Better maths with genes

Medical specialists publish results of RNA study in Nature

Door Bart Braun

All sorts of characteristics are determined by our genes, but which genes are “turned on” and how? Researchers at Leiden took part in the largest transcriptomics study ever conducted.

Let’s start at the beginning: genomics. Almost every cell in our body contains DNA, genetic material stored in relatively large molecules we call chromosomes. We inherit half of these chromosomes from our fathers and half from our mothers.
DNA is a long chain of smaller molecules, like beads, and there are only four sorts of them. If scientists do their best, they can determine the complete order of all those “beads”, a process called sequencing. The result is called a genome and the science that studies genomes is called genomics.
The first genome to be elucidated, which happened in the seventies, was that of a virus.
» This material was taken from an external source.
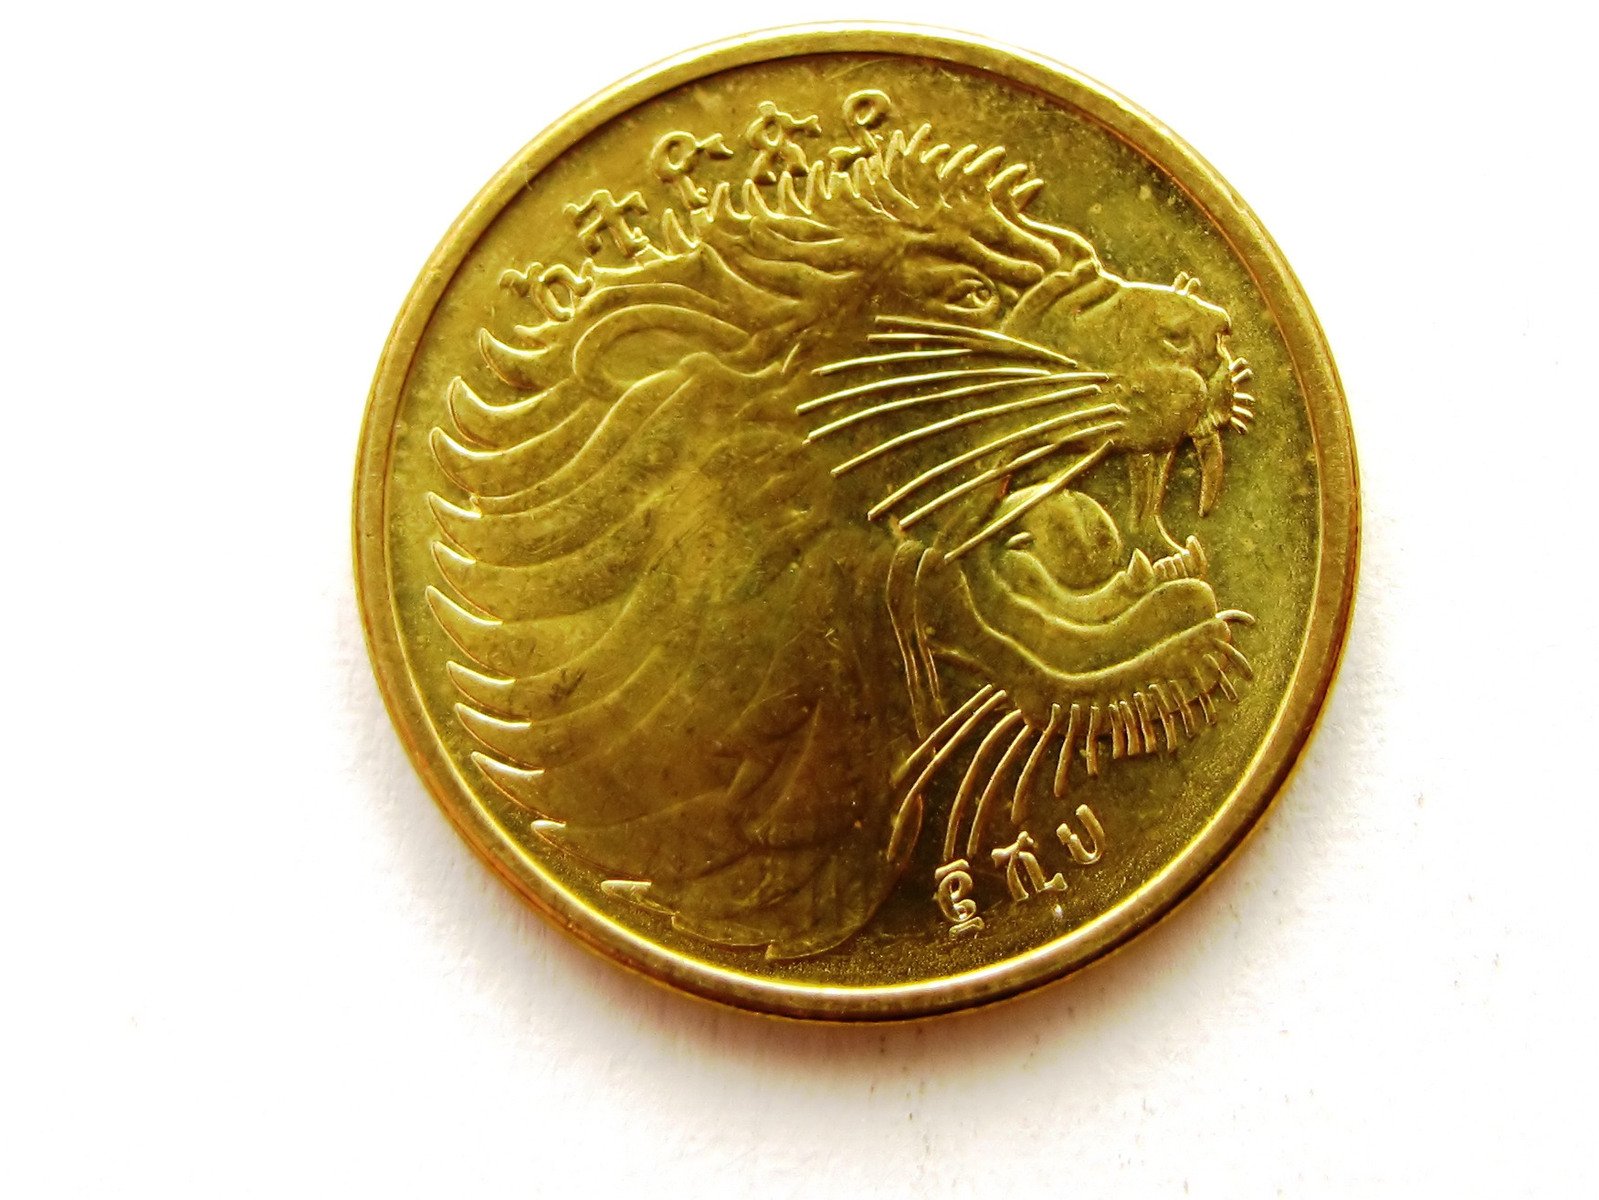 a gold coin with a tiger design

The first living creature – a bacterium – followed in 1995 and then things started to take off. Techniques improved more and more rapidly, scientists grew more adept at sequencing and the demand increased, inspiring more technological improvements, and so on and so forth. In 2000, Bill Clinton and Tony Blair announced the end of the Human Genome Project and although the definition of “end” is debatable, we now had a “blueprint of life” as it was known back in the day.
Just as the blueprint of a house does not mean much to a novice, scientists were stuck with the genome: what did it mean? Identical twins have the same genetic makeup, but it is usually quite easy to distinguish between the two. Our brain cells and our intestinal cells differ immensely although both sorts contain the same DNA.
There is more to it than just the DNA sequence: it matters which genes are “turned on” and what turned them on. If a cell wants to do something with a gene, it “copies” the DNA: the DNA is used as a template to make another molecule: RNA. In scientific terms, a “copy”, is called a “transcription” and so research into all the RNA in a cell is known as “transcriptomics”.
Last month’s issue of Nature, the leading science journal, featured a paper by the Geuvadis Consortium, a European partnership project in which geneticists from Leiden are participating. The team of scientists have determined the transcriptomes in a certain kind of white corpuscle from 462 individuals. Because the regular human genome had already been determined thanks to the “1000 genomes” project, the scientists make a large-scale comparison between the two “omics” for the first time. We already knew that humans, in genetic terms, are very similar. If you were to catch two monkeys from the same tree, they would probably differ more than any two people anywhere in the world. The scientists have concluded that there is much more variety in the way our genes are regulated and deleted. This information is useful for people who want to know how a cell works or how humans work but more particularly for people who want to help when these things break down: doctors.
Many disorders are connected to DNA, but the link is quite weak. A certain variation of a gene may mean a greater risk of something like multiple sclerosis or diabetes, but luckily not everyone with that variation actually becomes ill. “The associations with RNA are often far more direct”, explains bioinformatician Peter-Bram ’t Hoen from the LUMC department of Human Genetics. “Transcriptomics are a vital intermediary step and we need it to study the connection between genes and disorders.”
“There has always been some debate about what exactly is determined by genes, and how much is affected by our environment”, continues ’t Hoen, one of the co-authors of the Nature article. “The impact of the environment in this study is relatively small, because we examined cells that had been cultivated in a standardised environment. In the future, we will be able to use techniques like this to determine the interactions between genes and the outside world. If we had used brain cells used instead of these corpuscles, the transcriptomes would be different, of course. Obviously, it would be useful to add other kinds of cells to this study. Certain genes that are very specific for a certain type of cell – brain cell genes, for example – are not active here, but much of this information can be used to extrapolate information about other cell types.”
Part of Leiden’s contribution to the project consisted of ironing out wrinkles in the research method. ’t Hoen is the first author of a separate article in Nature Biotechnology in which the consortium explains how they needed to make the method as uniform as possible and examines how well they succeeded in doing that. It sounds easier than it was, because RNA is famously difficult to work with. “There are techniques that we know will still produce different results even if two analysts follow the same protocol. The method we chose was not too bad, thankfully, but even so, we still discovered deviances now and then, because one group had not used exactly the same device for the preliminary processing, for instance.”
The Leiden researchers are teaming up with research groups in Groningen, Rotterdam and Amsterdam for the next step: to determine the transcriptomes of four thousand Dutch people – and not just one type of blood cell, but the complete cocktail of the different cell types you find in a blood sample. “It’s far more complex, but the information will be much richer.”
How far can you go with this information? “It really is a fallacy to suppose that once we have all the transcriptomes, we will know the secret of life”, the researcher says emphatically. “That secret is far more complicated than we could ever imagine.”